Andre T, et al. - Researchers report the disease-free survival (DFS) results with respect to reduced adjuvant treatment duration in stage III colon cancer in International Duration Evaluation of Adjuvant Chemotherapy (IDEA) France, a phase III trial, wherein colon cancer patients were randomly assigned to 3 and 6 months of modified FOLFOX6 (mFOLFOX6: infusional fluorouracil, leucovorin, and oxaliplatin) or capecitabine plus oxaliplatin (CAPOX) by physician choice. mFOLFOX6 was given to 90% of patients. Six vs 3 months of adjuvant chemotherapy was shown to be superior, especially in the T4 and/or N2 subgroups. These results should be considered alongside the international IDEA collaboration data.

• By physician choice, randomization of colon cancer patients to 3 and 6 months of modified FOLFOX6 (mFOLFOX6: infusional fluorouracil, leucovorin, and oxaliplatin) or capecitabine plus oxaliplatin (CAPOX) was carried out in International Duration Evaluation of Adjuvant Chemotherapy (IDEA) France, as part of the IDEA international collaboration.
• Disease-free survival (DFS) was the primary end point, and analyses were descriptive.

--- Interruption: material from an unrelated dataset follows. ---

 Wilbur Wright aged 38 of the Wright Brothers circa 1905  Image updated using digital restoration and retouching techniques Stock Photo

• Either 3 or 6 months of chemotherapy was received by 2,010 eligible patients (modified intention-to-treat population); 2,000 (99%) had stage III colon cancer (N1: 75%, N2: 25%); 1,809 (90%) received mFOLFOX6, and 201 (10%) received CAPOX.

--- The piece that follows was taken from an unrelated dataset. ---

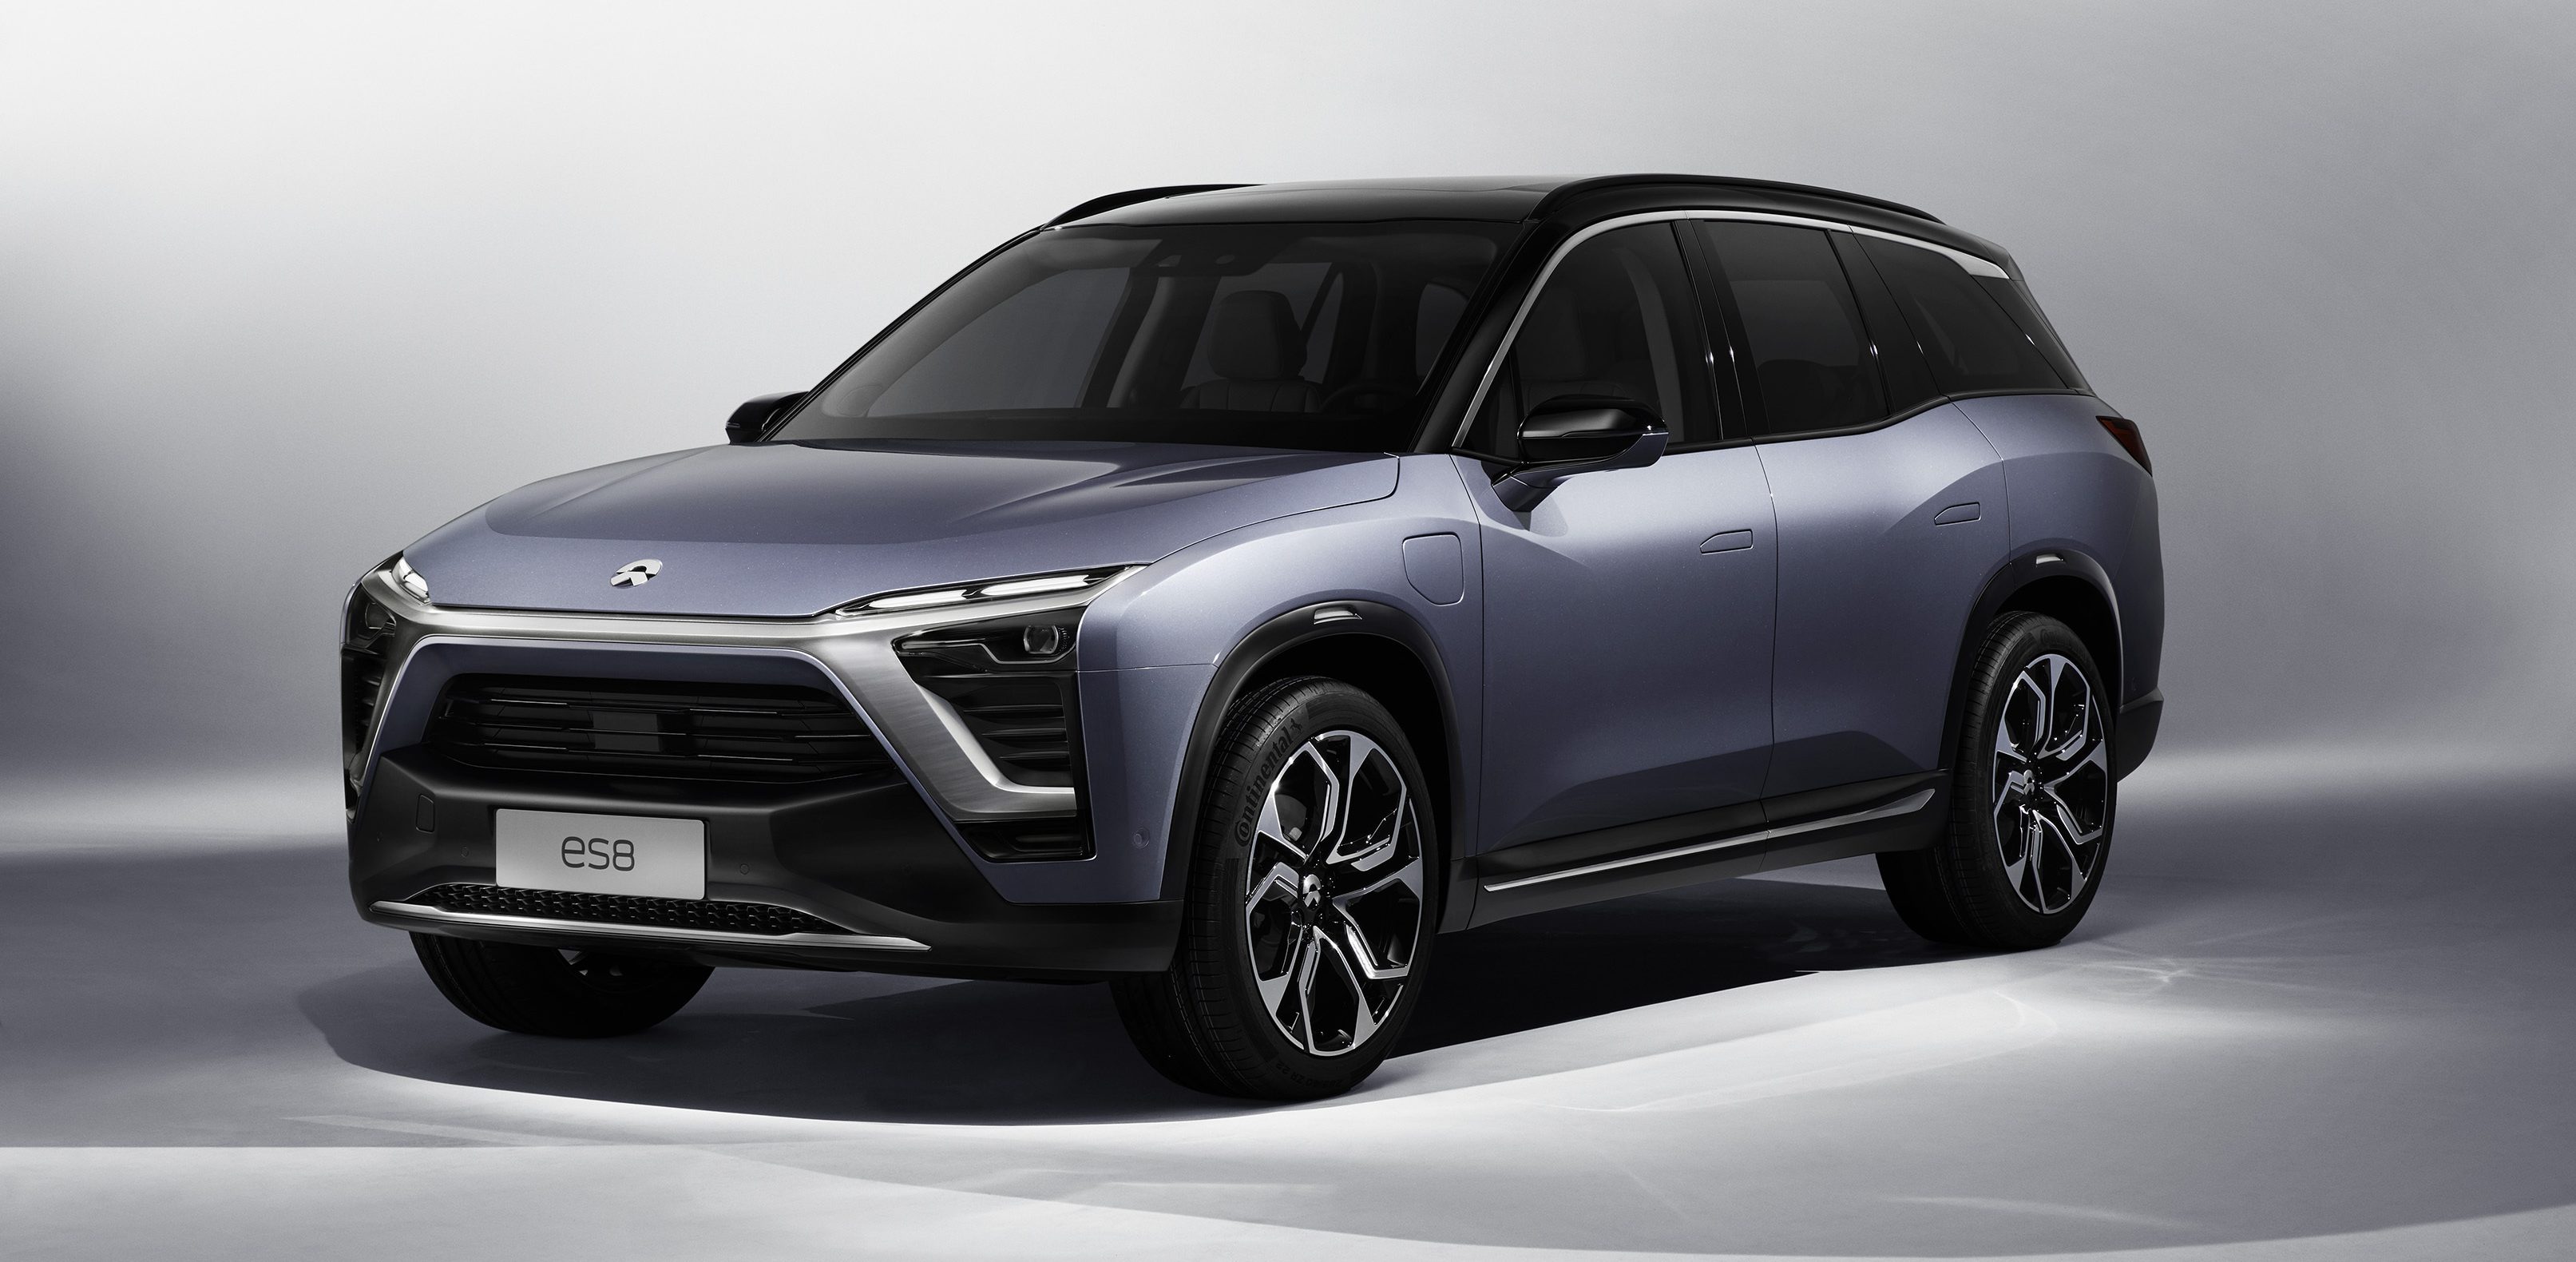 NIO unveils its first production electric vehicle 7seater SUV with

• Data showed that the median age was 64 years, and the median follow-up time was 4.3 years.
• Treatment was completed (fluoropyrimidines ± oxaliplatin) by 94% (3 months) and 78% (6 months) of patients.
• As per findings, maximal grade 2 and 3 neuropathy rates were 28% and 8% in the 3-month arm and 41% and 25% in the 6-month arm (P < .001).
• In the 3-month arm and in the 6-month arm (P < .001), final rates of residual neuropathy greater than grade 1 were 3% and 7%, respectively.
• A total of 578 DFS events were reported: 314 and 264 in the 3- and 6-month arms, respectively.
• Researchers noted that the 3-year DFS rates were 72% and 76% in the 3- and 6-month arms, respectively (hazard ratio [HR], 1.24; 95% CI, 1.05 to 1.46; P=.0112).
• They also observed that in the 3 and 6-month arms, respectively, for patients who received mFOLFOX6, the 3-year DFS rates were 72% and 76% (HR, 1.27; 95% CI, 1.07 to 1.51); for the T4 and/or N2 population, they were 58% and 66% (HR, 1.44; 95% CI, 1.14 to 1.82); and for the T1-3N1 population, they were 81% and 83% (HR, 1.15; 95% CI, 0.89 to 1.49).